Task description: What needs reproducing is the run of lines in the data below starting at the line with "Como eu posso" and ending at the line with "Post Malone walks", both ends included. Copy it exactly, without pictures, and add nothing.

Listed records:

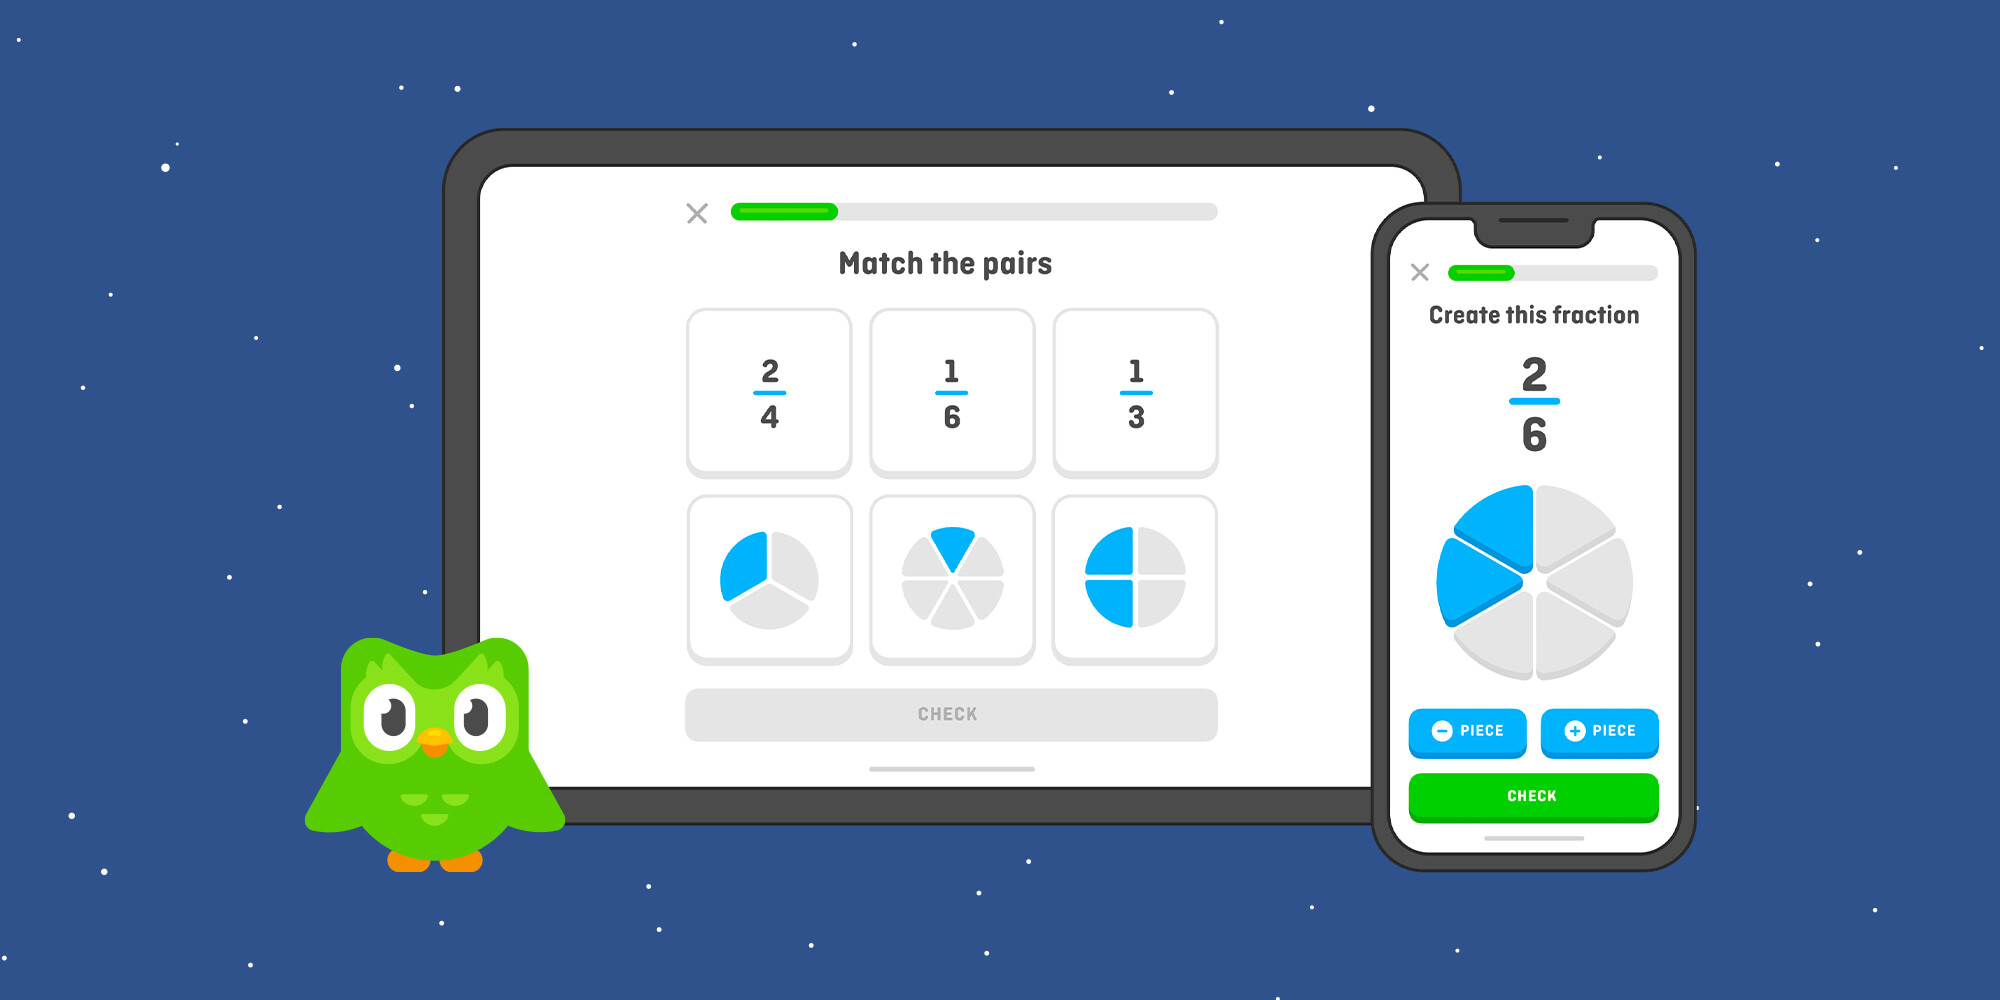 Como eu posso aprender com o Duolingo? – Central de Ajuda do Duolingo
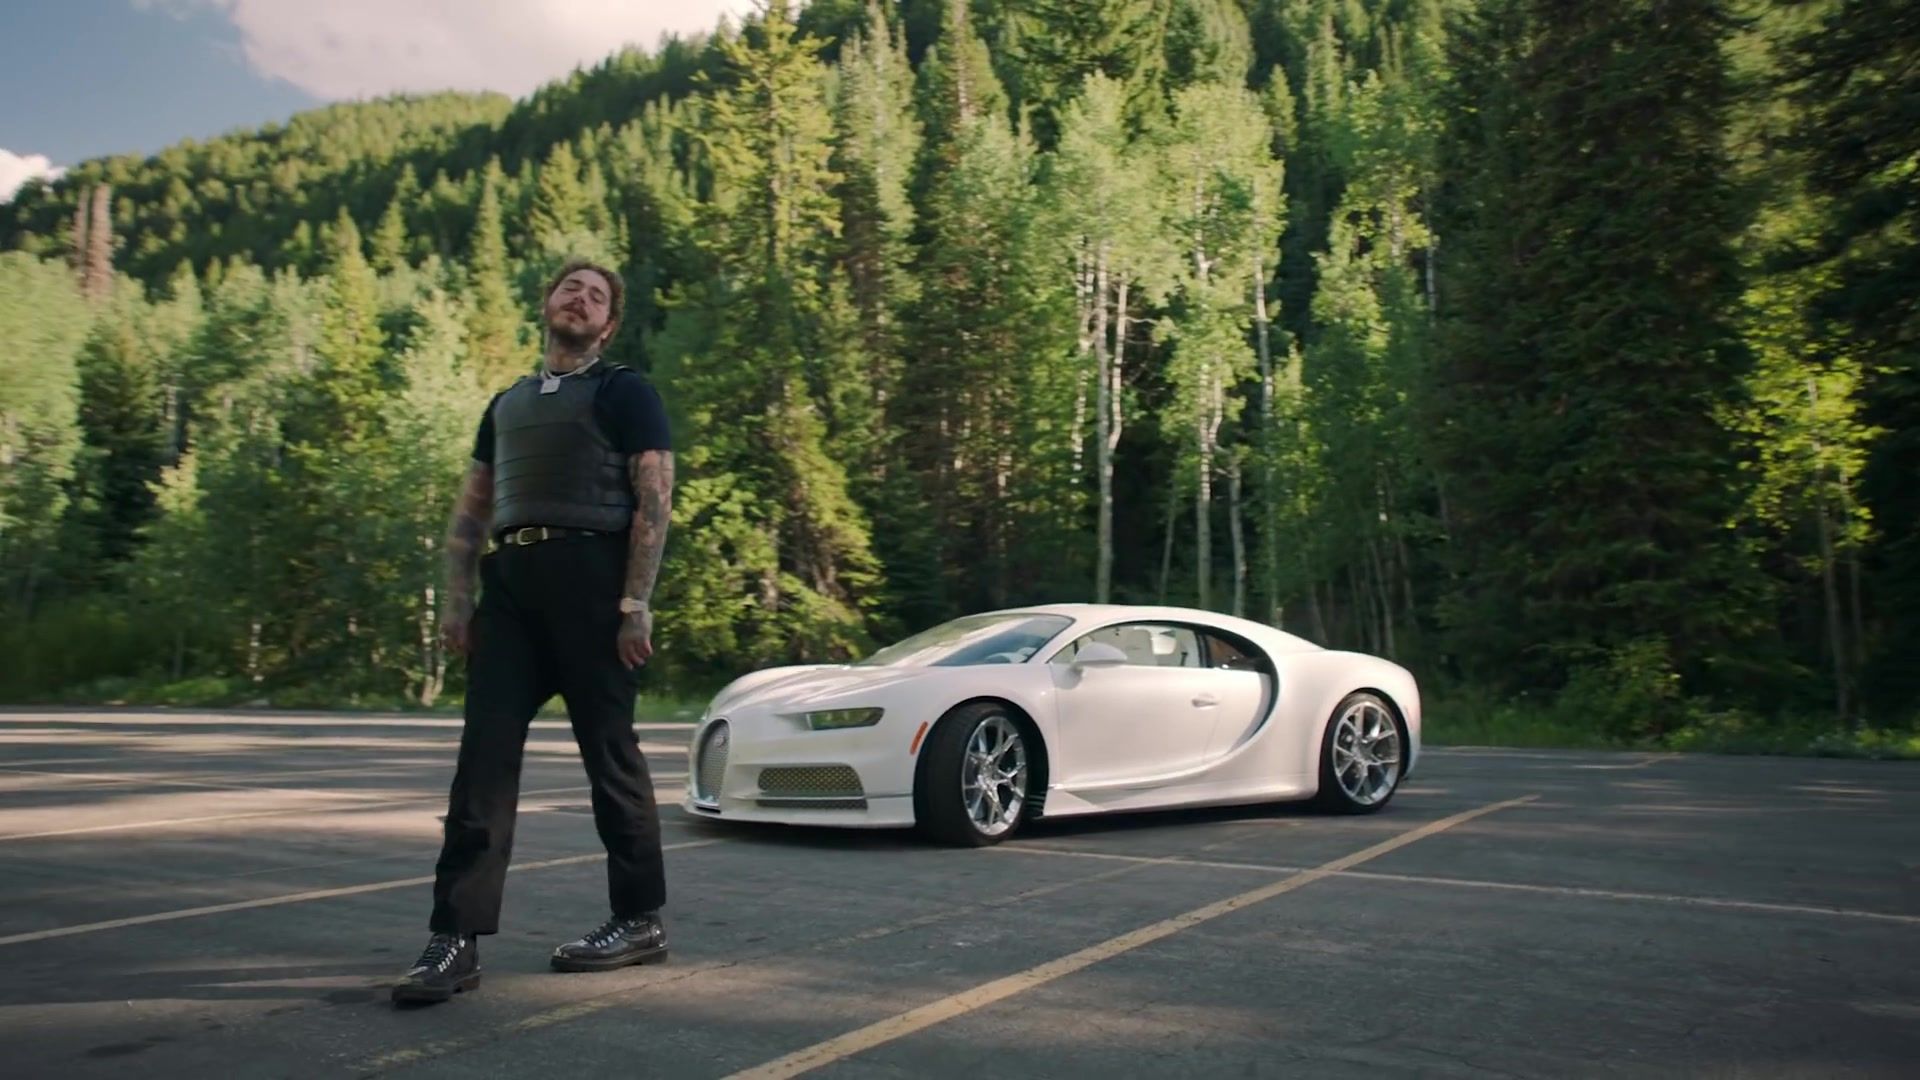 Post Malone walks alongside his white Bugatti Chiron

---

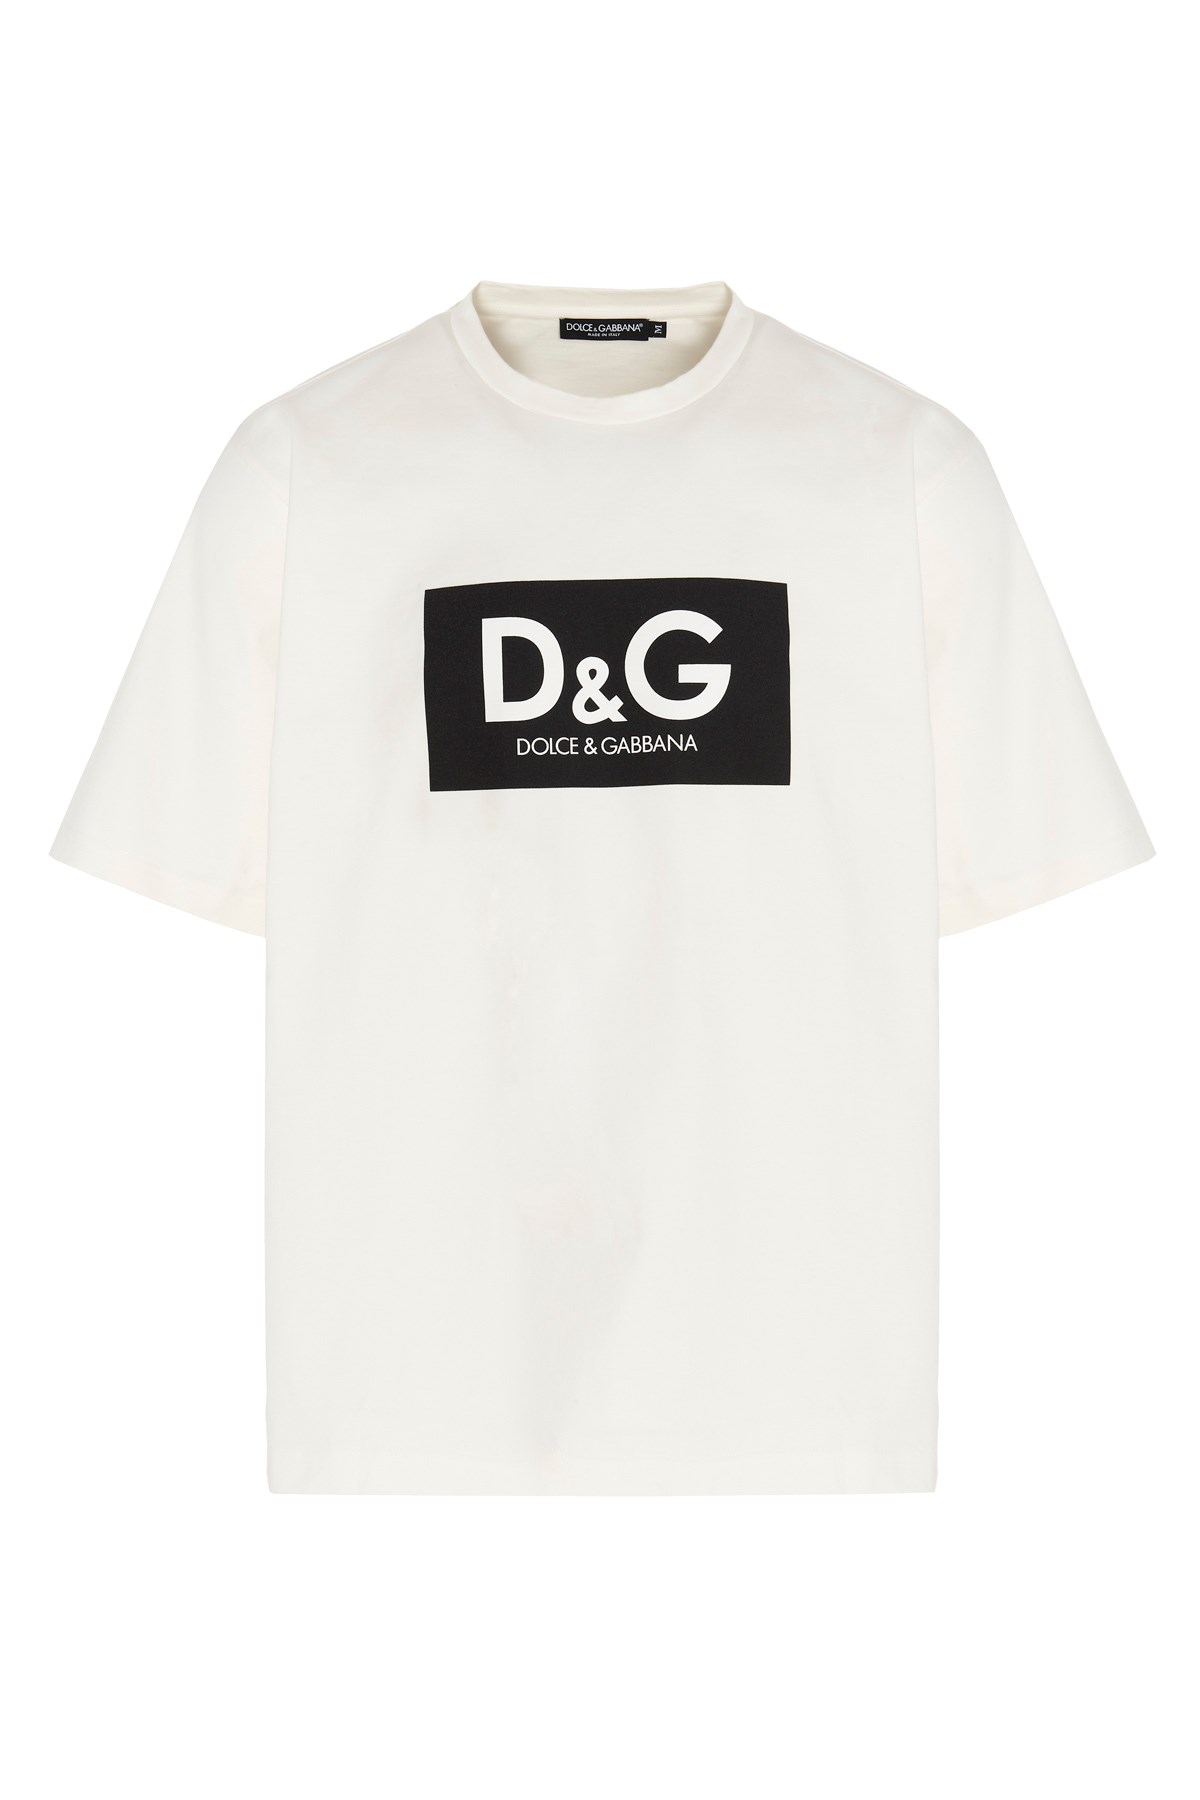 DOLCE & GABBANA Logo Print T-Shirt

---

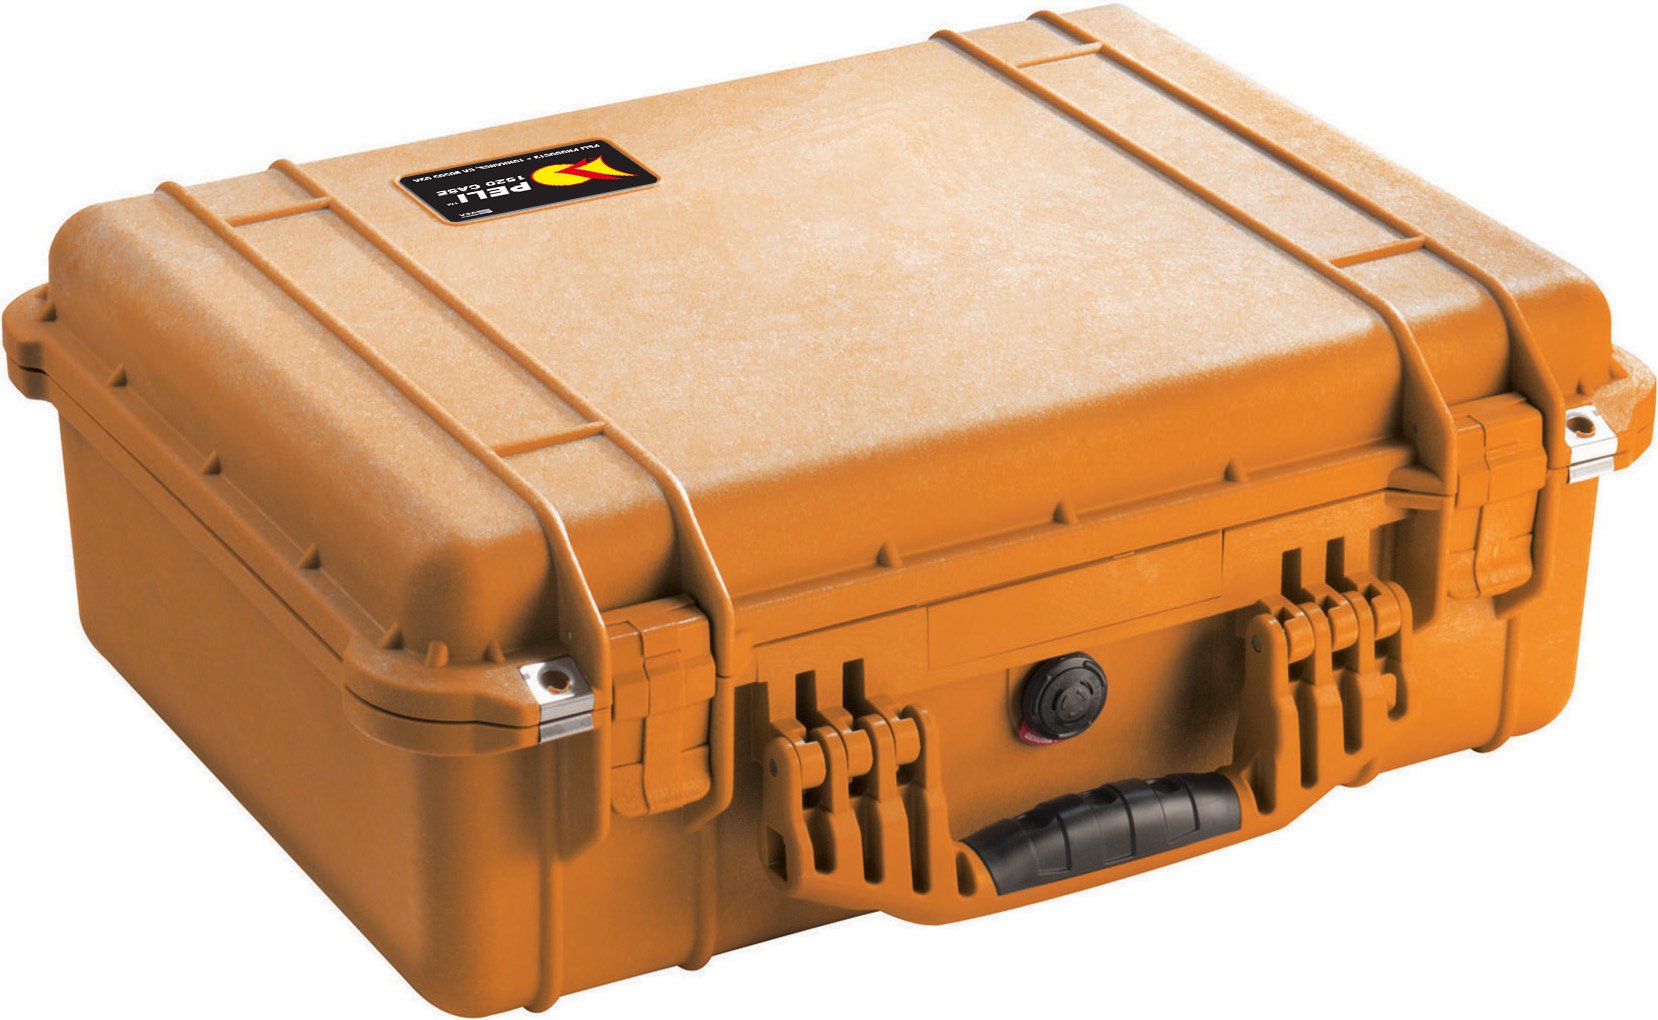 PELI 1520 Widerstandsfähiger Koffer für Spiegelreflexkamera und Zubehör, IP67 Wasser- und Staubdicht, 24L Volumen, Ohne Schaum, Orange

Result of this task:
 Como eu posso aprender com o Duolingo? – Central de Ajuda do Duolingo
 Post Malone walks alongside his white Bugatti Chiron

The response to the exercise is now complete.